なほそのジム・ヘンソンの方の、ストーリーテラーの、ハリネズミのハンスはある時からいきなり威厳があるが、原典でも、いい王様の娘を娶る際、嫁の関係へ呪ひをとる手順をいろいろ指示するが、多分この辺は、「スワインハードだもんで神様とかスーパーナチュラルななんぞからなんか聴けるんだらよ」と言ふ何かが消されてなほ滲み出てゐるでいいはずである。アメリカ関係はー、ナニなのだけども、あの、オークの出た話の、元の話『指輪物語』は、アメリカやニュージーランドなど新興国でもてはやされてゐる。



 ネタとしてヒルディスヴィーニやグッリンブルスティ等の騎乗用猪、マザーグースに頻出するらしい「鞍(Saddle)を置く雌豚(Sow)」巨人を乗せてイングランド各地を回ったといふ豚頭の妖精、角足のジミーとかをアレすると面白いと思ふのだが、どっちかっつうと「指輪物語」に、最も最下層のオークで、「狼乗り」と言ふのがゐて、(ワーグと呼ばれる巨大な 著者注釈 こっちはいろいろ乗せないんでした)狼に打ち跨り、統制が取れてるんだかゐないんだかの戦線を潜り抜けて善なるものへなんかしてゐる。健部伸明『幻獣大全』では、「サンタクロースからの手紙」に登場する、ゴブリンが、小さいことと、ドラシル(馬の意!)と呼ばれる胴長短足の犬のやうなものに乗ってゐる点、「ホビットの冒険」ではオークが「ゴブリン」と呼ばれてゐた点を指摘して、多分、指輪の最小オークのなれの果てではと言ってゐる。ので、豚ライダーオークはいいと思ふがオークがなんかを御神輿に乗せてアレするのはなんつうかなぁ。

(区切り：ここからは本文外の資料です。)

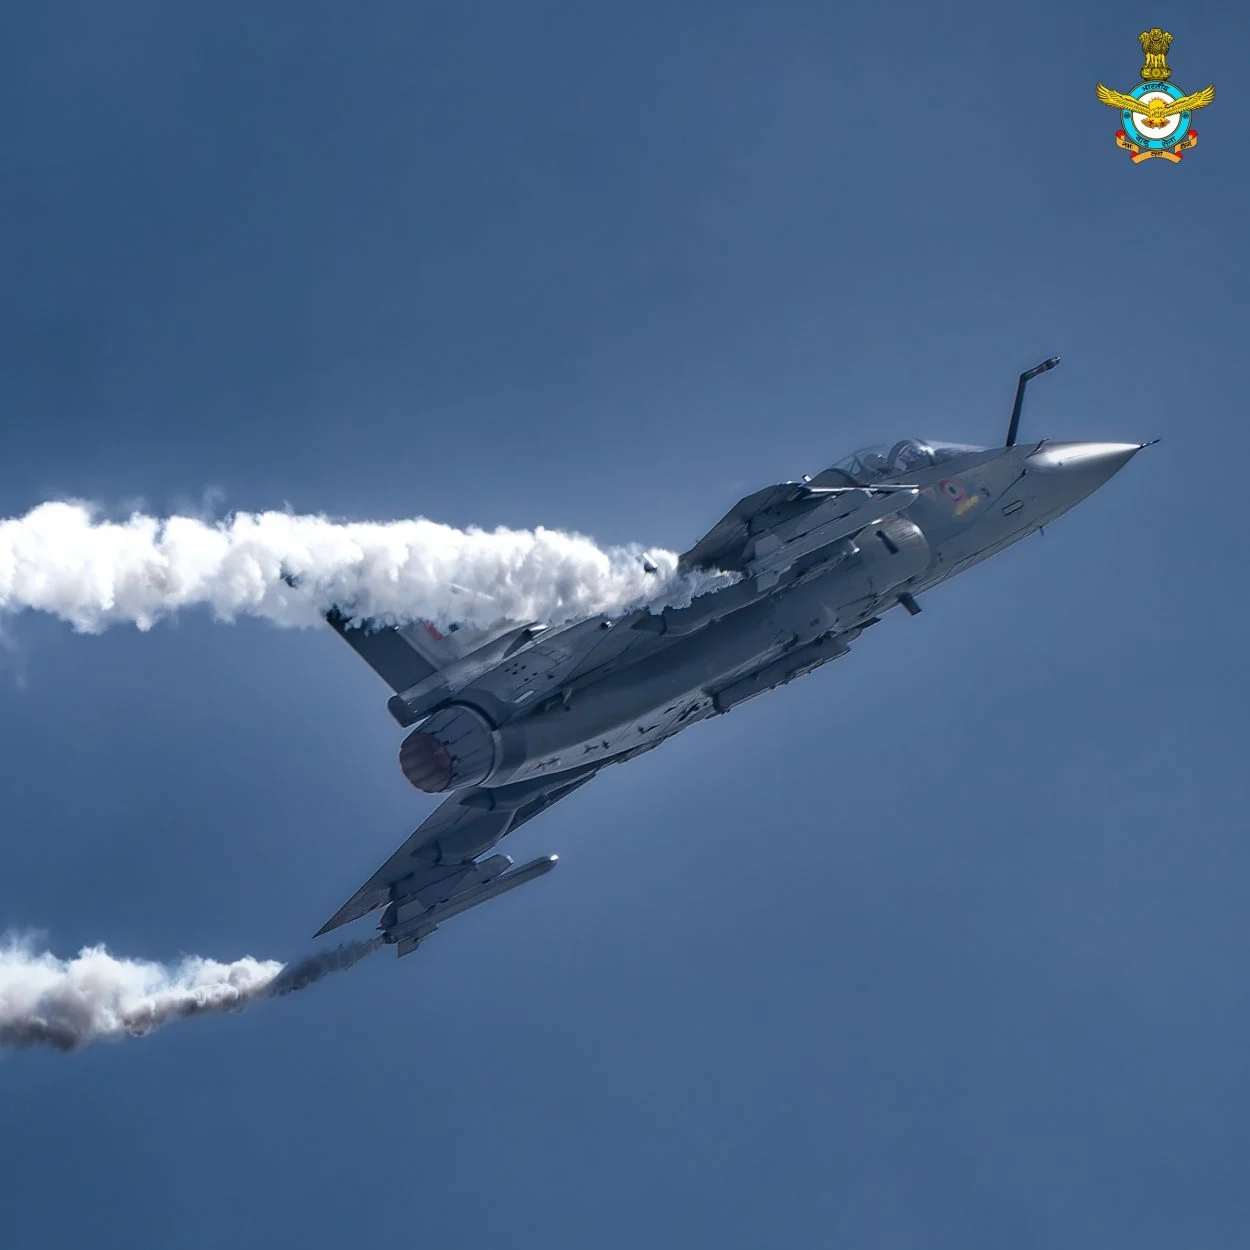 مقاتلة سلاح الجو الهندي تيجاس تقدم عرضًا في حفل افتتاح معرض سنغافورة الجوي في 15 فبراير 2022.
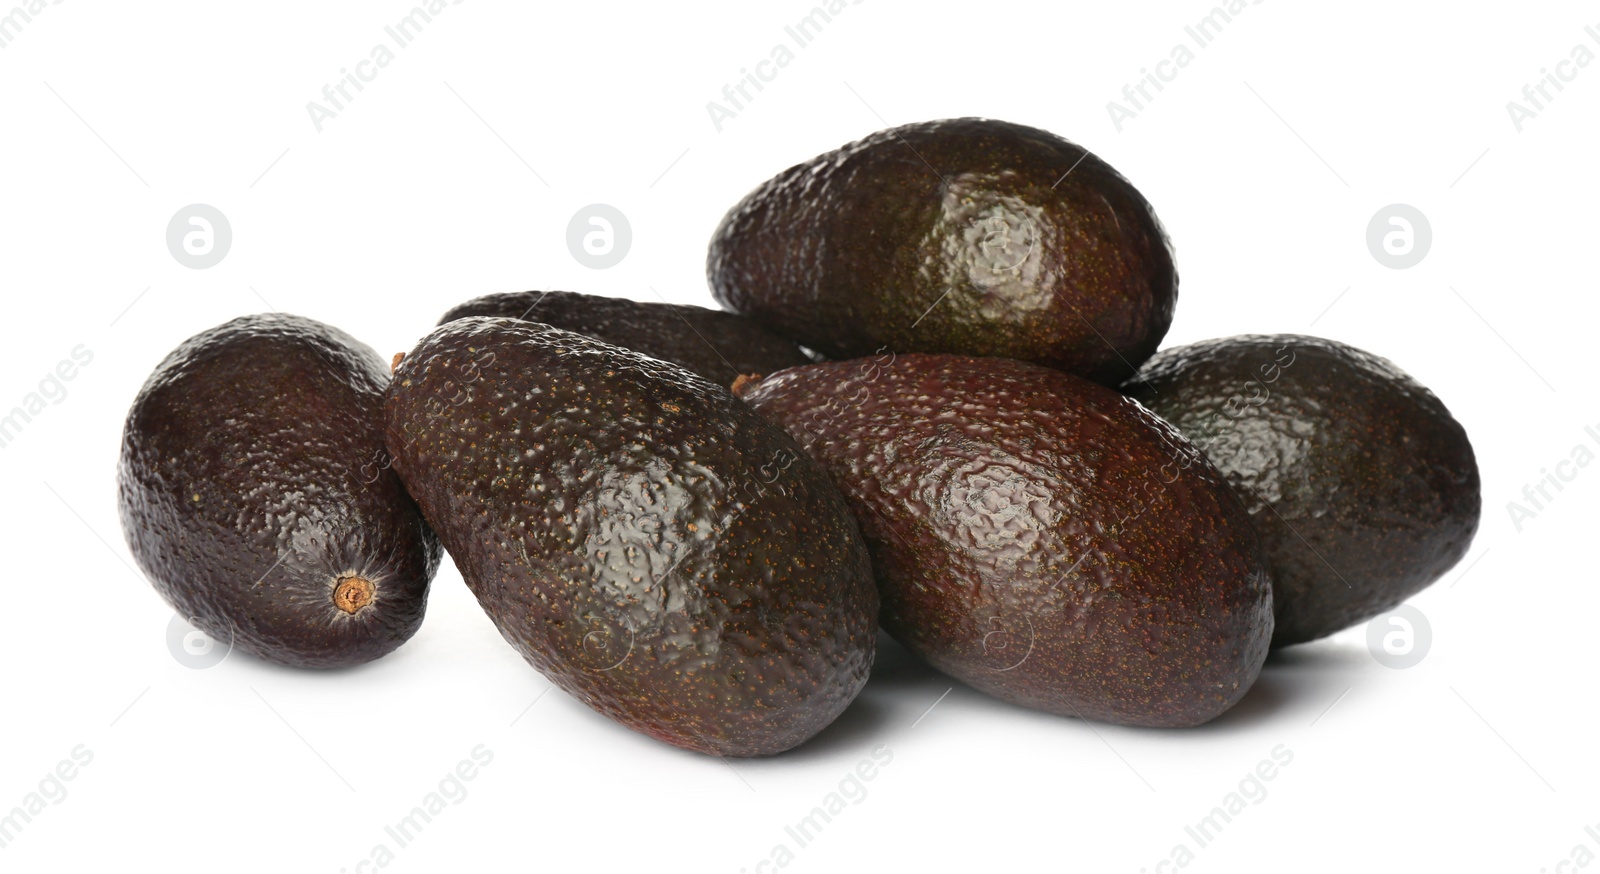 Photo of Whole fresh ripe avocadoes on white background

ダンジョンズ&ドラゴンズでの、オークが拝んでる神様は、さういふ死の神でないが、隻眼であるといふ、原始的な鍛冶屋の神様の特徴の一つを持ってゐる。多分批評とか分析で、「オークは鍛冶屋さんのごとき、スヴェルトアールヴ(ドワーフ)としてのエルフなんだらよ」と言ふナニだと思ふ。